• [^] # Re: Pas de soucis....

    Posté par (site web personnel) . En réponse au journal Boycotter la FNAC pour Noël ? Odebi met en garde Chantal Albanel et Denis Olivennes. Évalué à 10.

    Bon il faudrait cesser de se boucher les yeux: la guerre continue.
    Didier Barbelivien, artiste engagé dans la défense de ses intérêts financiers, rappelle que la vente de cd à baissé de cinquante pour cent en cinq ans: c'est le signe d'un changement dans la structure de la consommation.
    Pour le prix de deux cd par mois il est possible d'avoir à sa disposition une bibliothèque infinie de titres, soit. Si demain cette manne disparaît le nombre de disque vendu n'augmentera pas en proportion: certes les internautes profitent de cette aubaine et c'est très discutable sur le plan du droit et des principes mais la chute de la vente de musique n'est pas une conséquence du téléchargement mais de la baisse du pouvoir d'achat d'une part et d'autre part du remplacement de la consommation de disques au profit de l'informatique. Il faut aussi désormais changer d'ordinateur tous les trois ou cinq ans ce qui n'était pas forcément le cas il y a dix ou quinze ans avant l'arrivée de l'adsl par exemple et payer son abonnement.
    En clair les dépenses de loisirs sont les plus influencées par la baisse du pouvoir d'achat et en outre de nouvelles dépenses sont apparues donc si le téléchargement doit cesser il sera probablement remplacé...par rien.
    Heureusement nous allons tous travailler plus.

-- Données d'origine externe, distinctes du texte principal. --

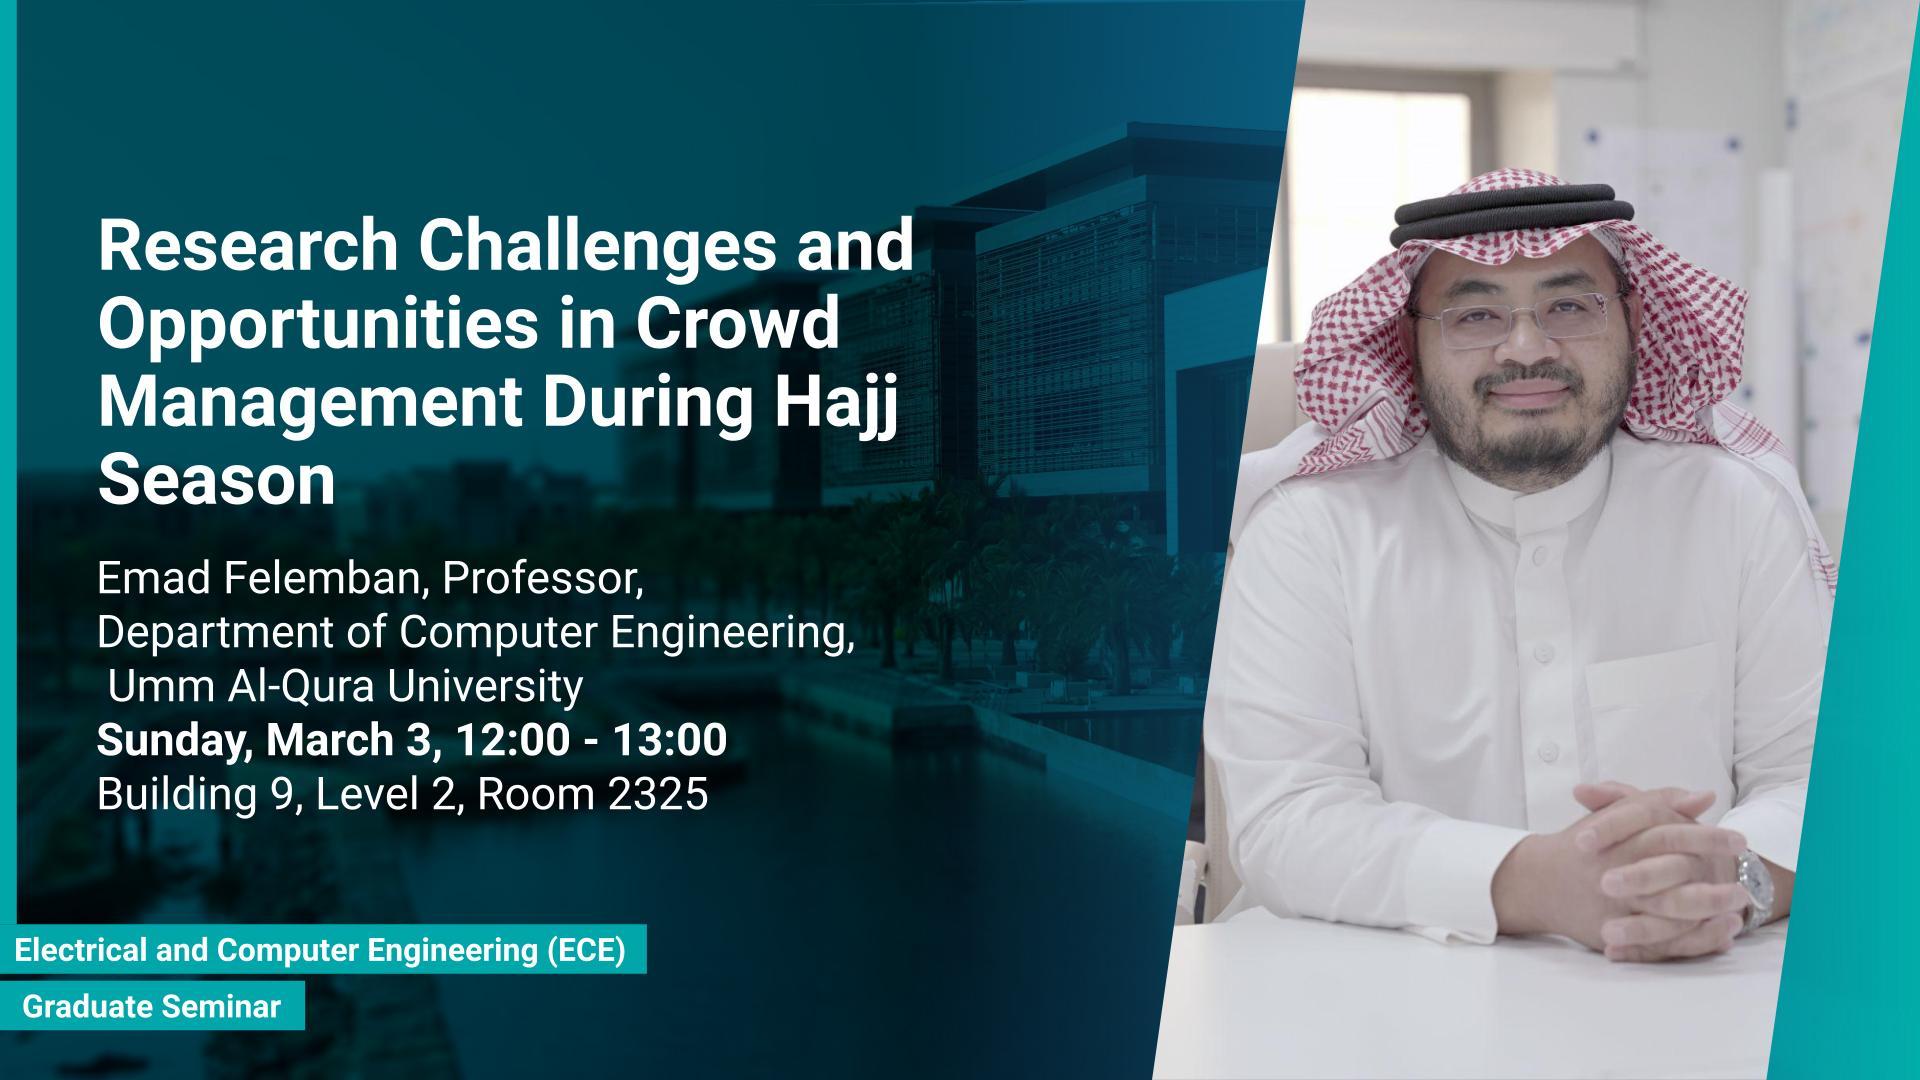 KAUST-CEMSE-ECE-Graduate-Seminar-Emad-Felemban-Research-Challenges-and-Opportunities-in-Crowd-Management-During-Hajj -Season.jpg

    En outre l'activité de téléchargement est une activité qui s'exerce à domicile, lieu privé qui se prête mal au contrôle. En clair l'internaute connecté au réseau a l'impression de se livrer à une activité d'ordre privé. Le droit est assez impuissant à s'infiltrer dans ce domaine: ainsiles paroles privées, les pensées ne sont pas sanctionables et cette impression de sécurité, voir d'impunité, que nous avaons dans le cadre du domicile ne nous permet pas de prendre en compte les risques juridiques que fait peser sur nous la législation répressive votée ces dernières années. Les juges ne sont pas non plus pressés de mettre leur nez là-dedans considérant qu'ils ont déjà fort à faire avec les crimes et délits publics. La privatisation de la justice qui transparaît dans les solutions évoquées ci-dessus relève de ce conflit. Son efficacité est effectivement limitée par la technique, la disparition des réseaux centralisés en est la parfaite illustration, mais aussi par la protection de la vie privée.